The conformations from the 1 μs MD production run were compared to the cryo-EM structure to check the quality of MD simulations. The average structure was obtained over a 1 μs trajectory, and the snapshot with the smallest RMSD value from the average structure was adopted as the representative structure. We found that the representative structure has only slight differences with the cryo-EM structure (Fig. S2†). First, Ramachandran plot analysis from PROCHECK53 revealed that the MD structure has a wider conformational distribution space and most of the backbone in the allowed regions of Ramachandran plot, compared with the cryo-EM structure (Fig. 1B and C). The number of residues in disallowed regions was reduced from 0.6% to 0.2%, and the number in generously allowed regions was reduced from 0.6% to 0.3% (Table 1). The number of residues in the most favored regions was similar (88.1% for MD structure and 88.3% for cryo-EM structure). These results confirmed the good quality of the cryo-EM structure and indicated that MD simulations only slightly improved the stereochemistry of the cryo-EM structure. Then, we examined the quality of nonbonded interactions using ERRAT program.54 The structures were evaluated based on the quality factor, which depends on the statistics of nonbonded atomic interactions in the 3-D protein structure. The results showed that the overall quality factor of the MD structure (90.2%) was greater than that of the cryo-EM structure (79.8%) (Table 1), indicating that MD simulations did improve the quality of nonbonded interactions from the PSII-LHCII cryo-EM structure. Since the antenna–core binding mainly depends on nonbonded interactions between the protein interfaces, the improvement in the accuracy of nonbonded interactions here is very important for the subsequent accurate calculation of protein interface affinities.

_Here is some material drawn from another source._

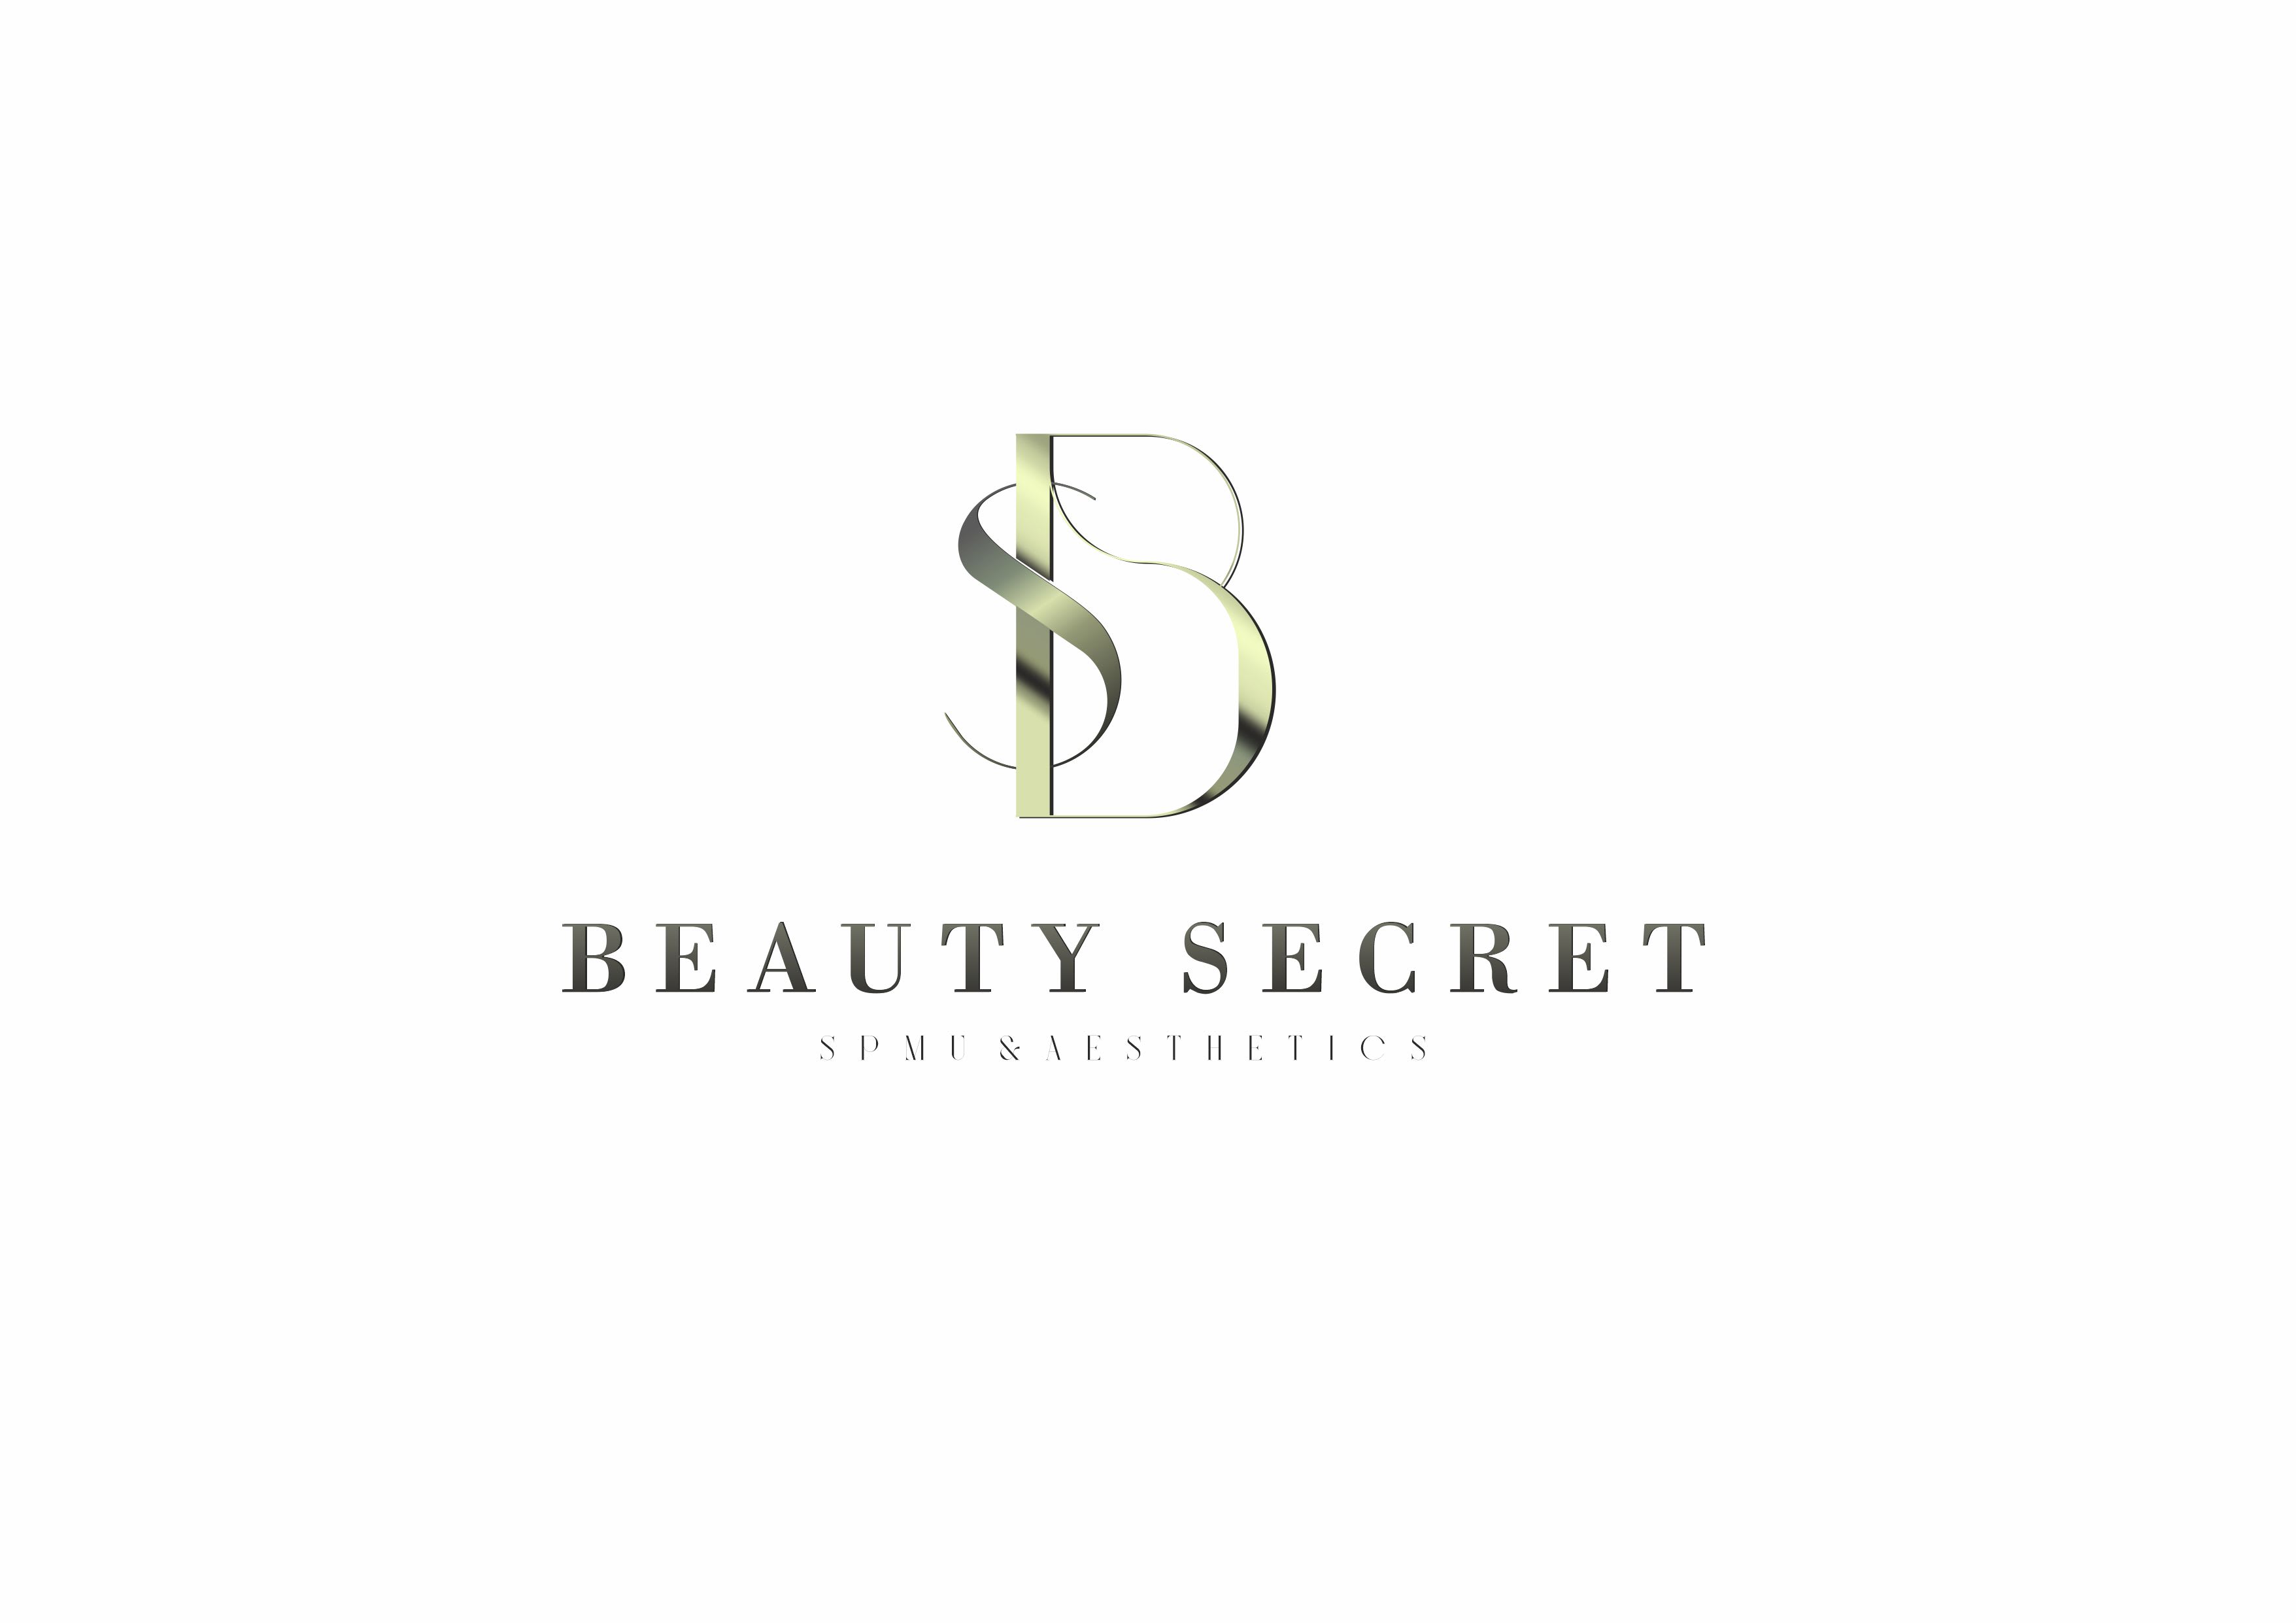 Beauty secret
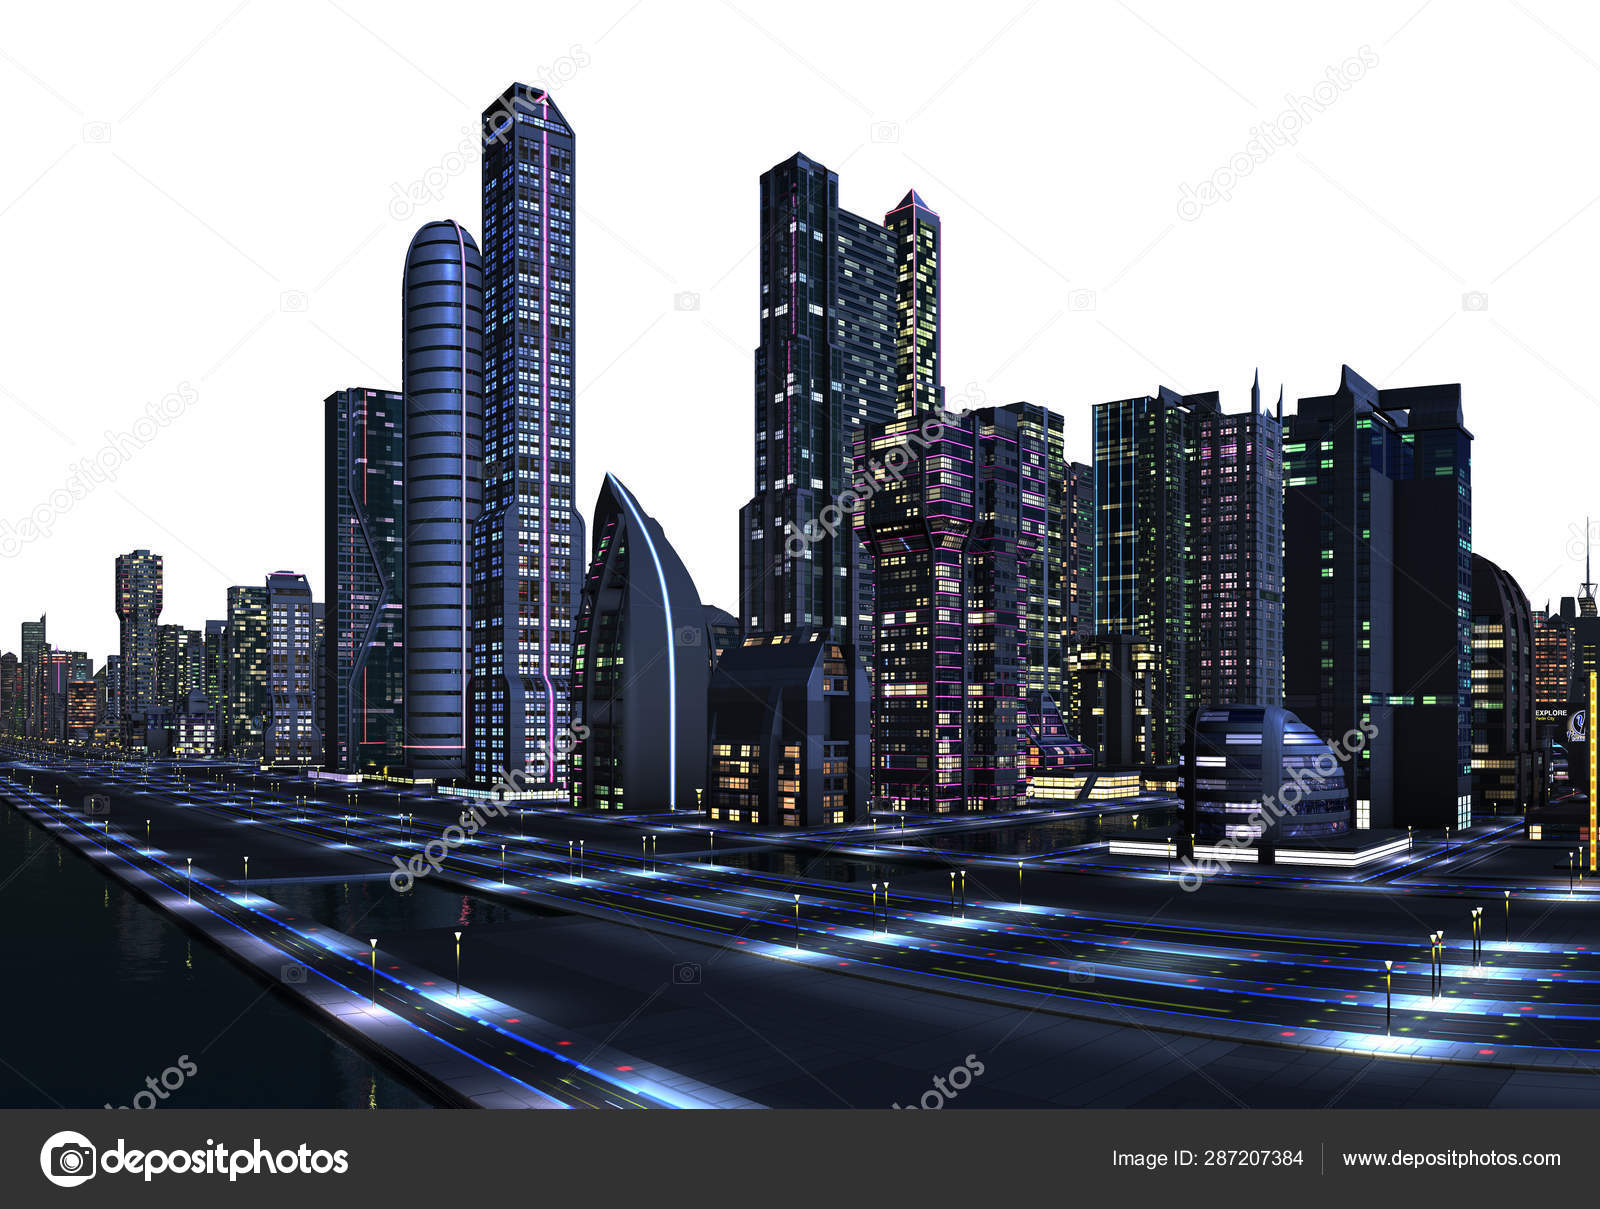 Thành phố tương lai: Hãy dạo quanh trong thành phố tương lai đầy mơ ước và kì vĩ trong hình ảnh đầy sắc màu. Đây là một bức tranh tuyệt đẹp về tương lai của nhân loại và một nguồn cảm hứng cho những giấc mơ về tương lai.

Structure | Ramachandran plot statistics (%) | ERRAT (%) | |||
---|---|---|---|---|---|
Most favored | Additionally allowed | Generously allowed | Disallowed | Overall quality factor | |
Cryo-EM | 88.3 | 10.5 | 0.6 | 0.6 | 79.8 |
MD | 88.1 | 11.4 | 0.3 | 0.2 | 90.2 |
The RMSD values of the peripheral antennas LHCII, CP29, and CP26 (ranging from 1.50 Å to 3.07 Å, Fig. 1D) were generally more significant than those of the core proteins (ranging from 0.58 Å to 2.31 Å, Fig. 1E), suggesting that the light-harvesting antennas possess larger conformational fluctuations than the PSII core subunits, consistent with the experimentally observed high mobility of antenna proteins.10 To further characterize the fluctuation features of protein residues, we investigated root mean square fluctuation (RMSF) of the protein backbone Cα atoms around their average positions. The volatility of extrinsic subunits (average RMSF value of 1.91 Å, Fig. 2A) and antenna proteins (average RMSF value of 1.71 Å, Fig. 2B) was markedly higher than that of the core complex (average RMSF value of 1.16 Å, Fig. 2B), consistent with RMSD results (Fig. 1). In addition, the fluctuation of pigments was strongly correlated with the fluctuation of binding proteins (Fig. S4†). For individual antennas, CP26 has a notably higher RMSF value (average value: 2.22 Å) than LHCII monomer adjacent to the core (LHCII(A), average value: 1.36 Å) and CP29 (average value: 1.45 Å). The greater fluctuation was mainly ascribed to the loop regions of CP26, which is away from the SCP26/core interface; likewise, the fluctuating regions of CP29 and LHCII(A) are also not at the antenna–core interfaces (Fig. 2C–E). Consequently, although the peripheral antennas showed overall conformational fluctuations, SLHCII/core, SCP26/core, and SCP29/core exhibited relatively stable conformations (Fig. 2B), presumably favoring the association of antennas with the PSII core and energy transfer. The analysis also verified the reliability of MD simulations using the constructed structural model.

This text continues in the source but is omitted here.